Monday, November 1, 2010

Fear of Flying

I'm back home from my trip. Got a late start on the road Sunday due to my procrastinating. Eventually I had to just get in the car and go. We both had tears in our eyes as we hugged and said goodbye.  :(   But I have another visit planned for sometime early December. So that is something to look forward to.

I wish I could travel more. I mean really travel. There is an encaustic workshop planned for this summer that I really would love to attend. It has the best teachers lined up, some of my very good online buddies are attending, all of the incentive in the world to go. Except...it's in Oregon. And I'm in Indiana. So I'd have to fly. That means an airplane. I'm already having a panic attack just thinking about it.

I have flown before. It wasn't pretty. My first time was with my husband. I figured that would be okay. It was a short flight from Columbus to Madison, WI. No biggie. We didn't even have to change planes. He didn't think it was a good idea that I insisted on a window seat. But I didn't want the aisle; plus I couldn't help myself. I had to look out the window. So we're flying along, me with both hands glued to the armrests. He kept trying to talk to me but I just kept trying to remember to breathe. Then it got bumpy. The plane would jump, then fall.

That did it. I started to panic. I looked at him and he had this horrified look on his face. "Are you crying?" he asked. Well, yeah! I was terrified. Who knew you would be flopping around in the air like that? He kept saying it was fine. It was just turbulence. No, it was not fine! It was a nightmare. I just closed my eyes. The flight attendant came by. He assured her it was okay; that it was my first time flying. It was humiliating (for both of us). And this was a short flight. The only thing I could think of (besides falling out of the sky) was that we'd have to do this again on the trip home. I could not believe he had talked me into this.

So, fast forward to a few summers ago. He was going to London for a business trip. All my life, the one thing I've always wanted to do was visit London. He asked if I wanted to go because I would need to get a passport and make a lot of preparations beforehand. Well of course I wanted to go. But I knew I wasn't going to. No way was I going to be able to endure an international flight. Because that would incorporate my other fear: water! That would mean flying over water. Just give me my heart attack now and get it over with.

I think he was actually relieved when I told him no. So he went on and I stayed home beating myself up. He would call, describing all of the places I'd never see. At least I have the photos. But of course it's not the same. He is planning another trip back there in a few years. Maybe I'll figure out a way to get there yet. But I digress... This encaustic workshop would be such a great time and I would learn so much.

I am so hampered by my fears. Not just the flying but others, as well. And all of the rationalizing doesn't help. You know, when people say "Oh, it's the safest way to travel...blah, blah, blah." My friend and I were talking about this during my visit. She asked what, specifically, about flying scared me so much. I said it was the crashing and burning part. "So I guess I'm really afraid of dying," I said. Hmm... The conversation took a different turn there. That meant another bottle of wine and then we got sidetracked.
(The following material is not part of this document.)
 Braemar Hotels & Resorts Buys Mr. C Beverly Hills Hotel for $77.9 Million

So, I'm getting advice from everyone: from different drugs to take to getting liquored up, and everything in between. I'm not sure how those would work out since I'd be travelling alone. But I'll sort it all out and see what I can come up with.
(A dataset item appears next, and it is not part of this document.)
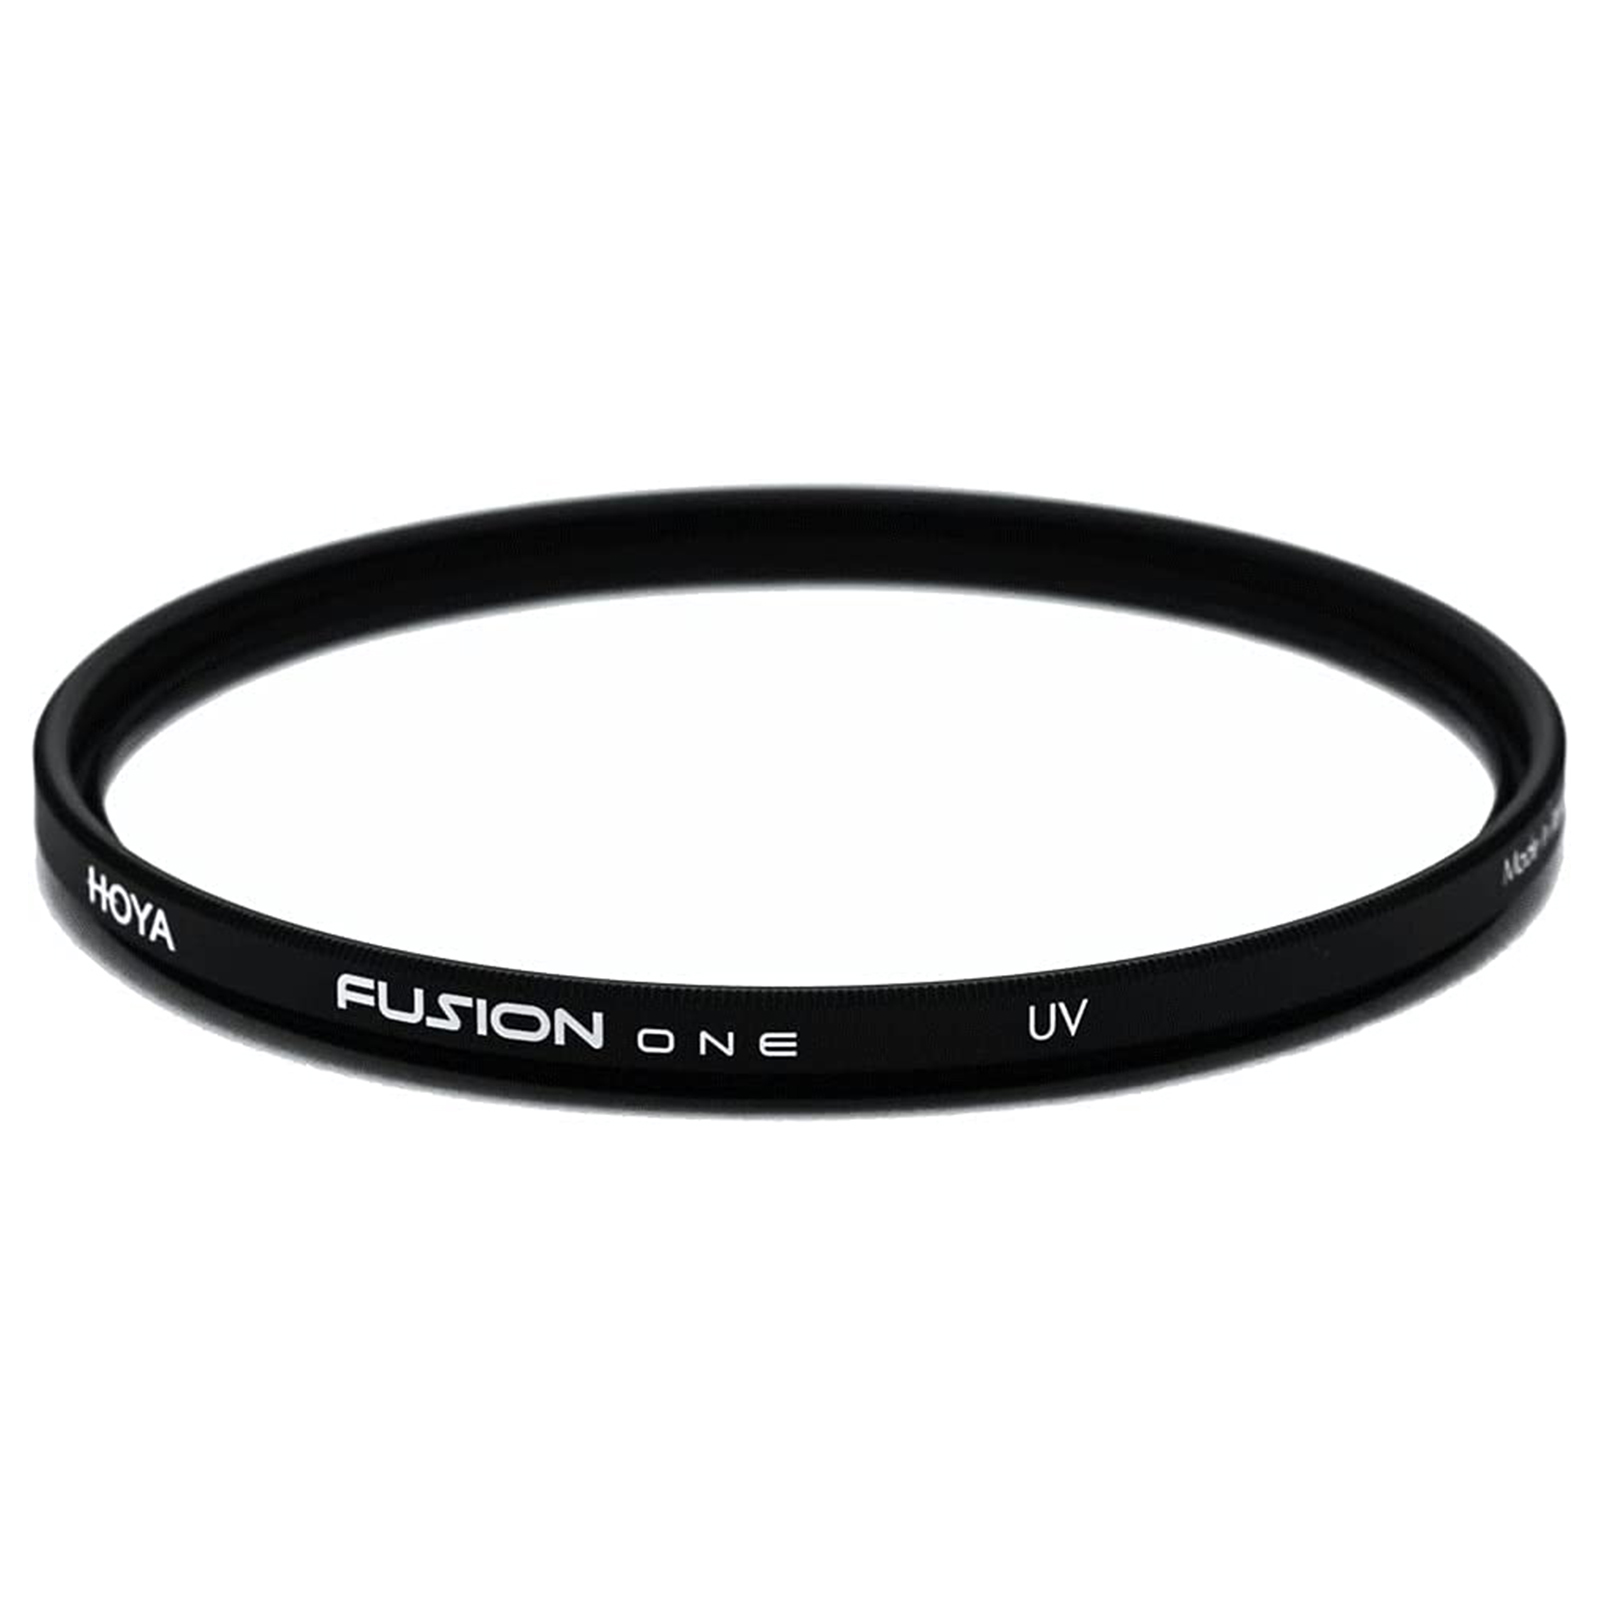 Image of Hoya 77mm Fusion AS Next UV Filter

The art piece at the top is a combination of a few of my art papers that I merged together in Photoshop and then printed out onto silk. I LIKE! :) When I think about my fears, these colors came to mind, and this piece is what I came up with. I only wish it were this easy to get rid of them!
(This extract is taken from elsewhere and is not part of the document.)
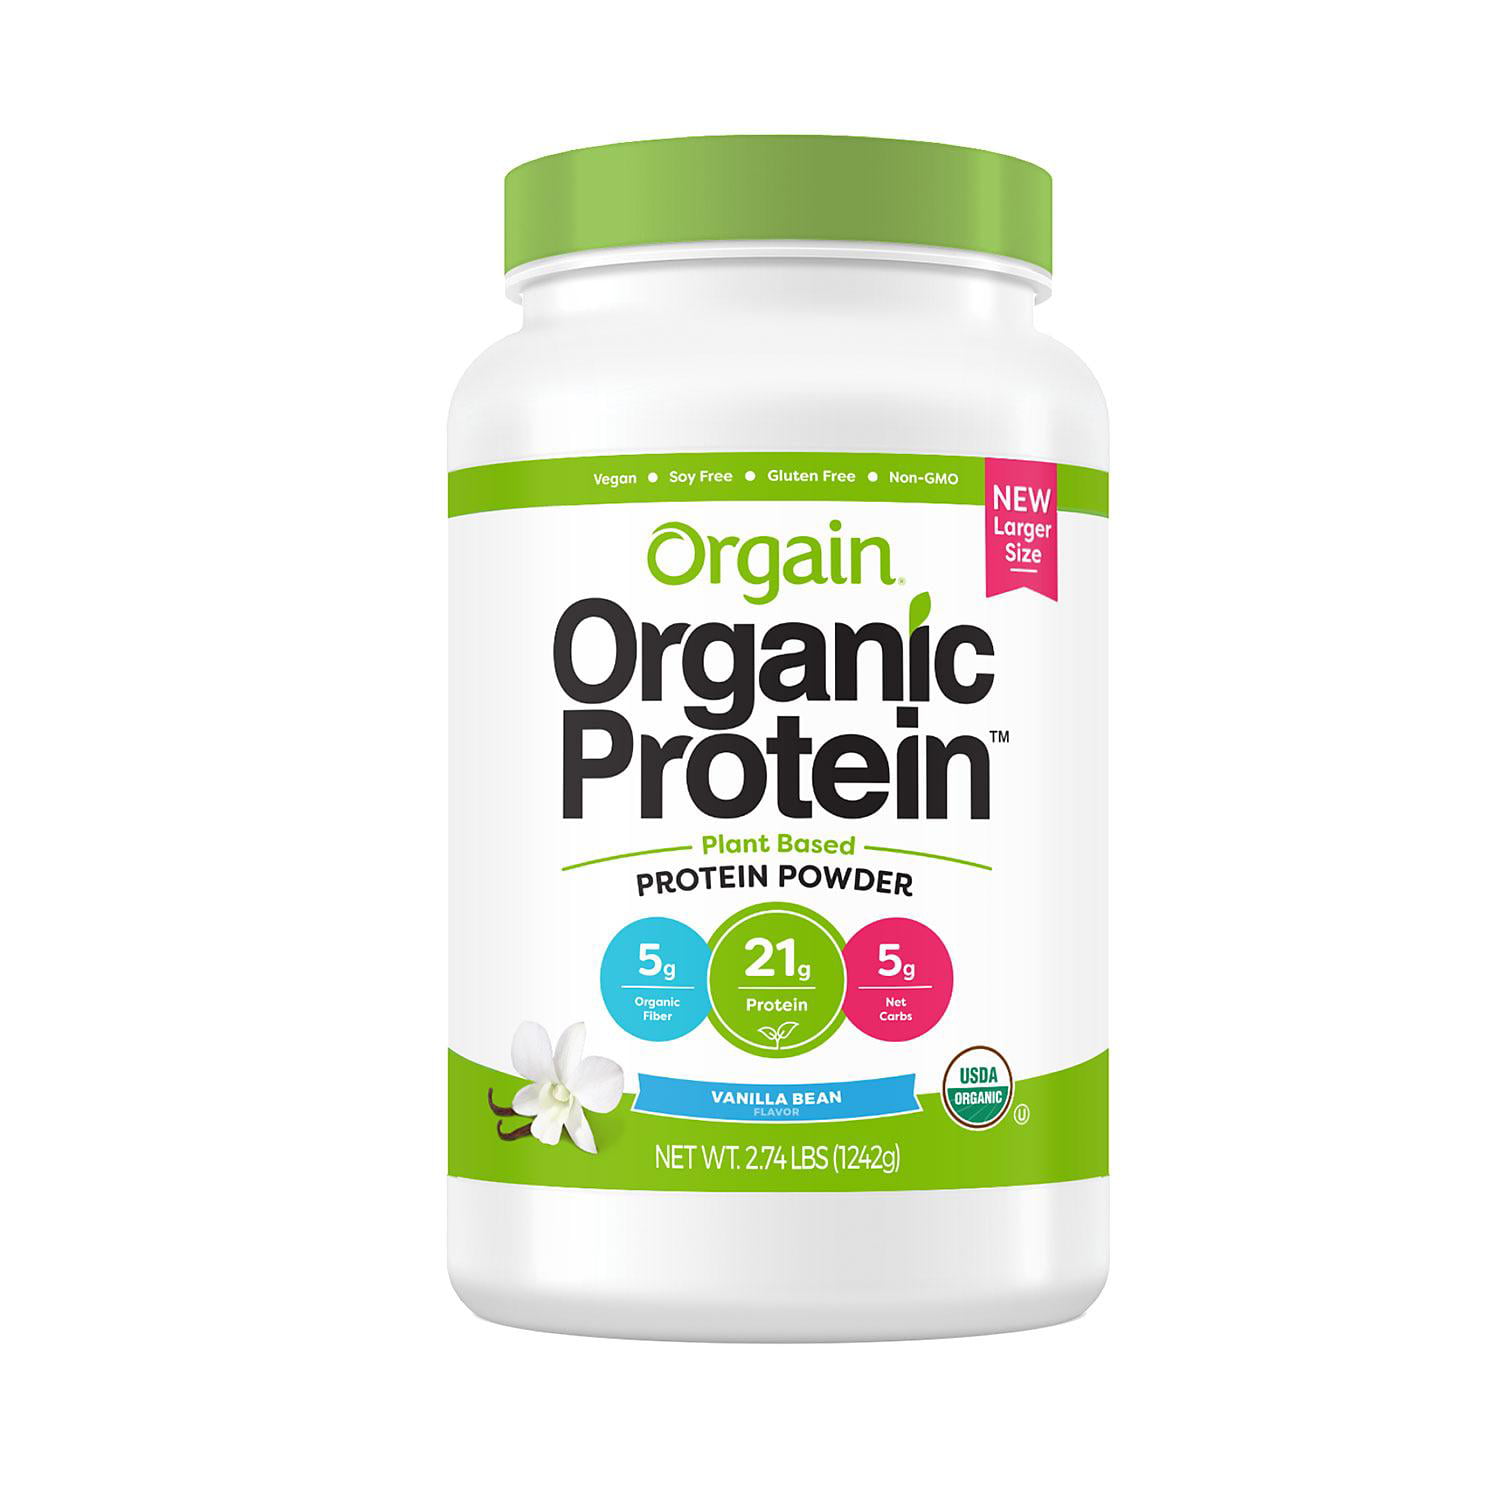 The OrgainÂ® Organic Proteinâ„¢ Plant Based Powder Vanilla Bean 274 Lbs

Thursday, October 28, 2010

Impressions

This is one of the few posts that I don't have a photo to accompany it. I'm still on my vacation and I'm using my friend's computer. I'm on my own for a little while today so I'm taking advantage of the time to work in my art journal a little bit. I brought along a few supplies for background pages and played with those this morning.

I've been working more in my writing journal. I think it's all of the memories bombarding me as a result of being back in Columbus. Ooh it's nice being here again! Although I was surprised that I've actually gotten lost a few times driving around. I've never had a very good sense of direction but, in my defense, the city has grown. Yes, some people would say Columbus is not that big of a city but to me it's just the right size. I'm soaking it in!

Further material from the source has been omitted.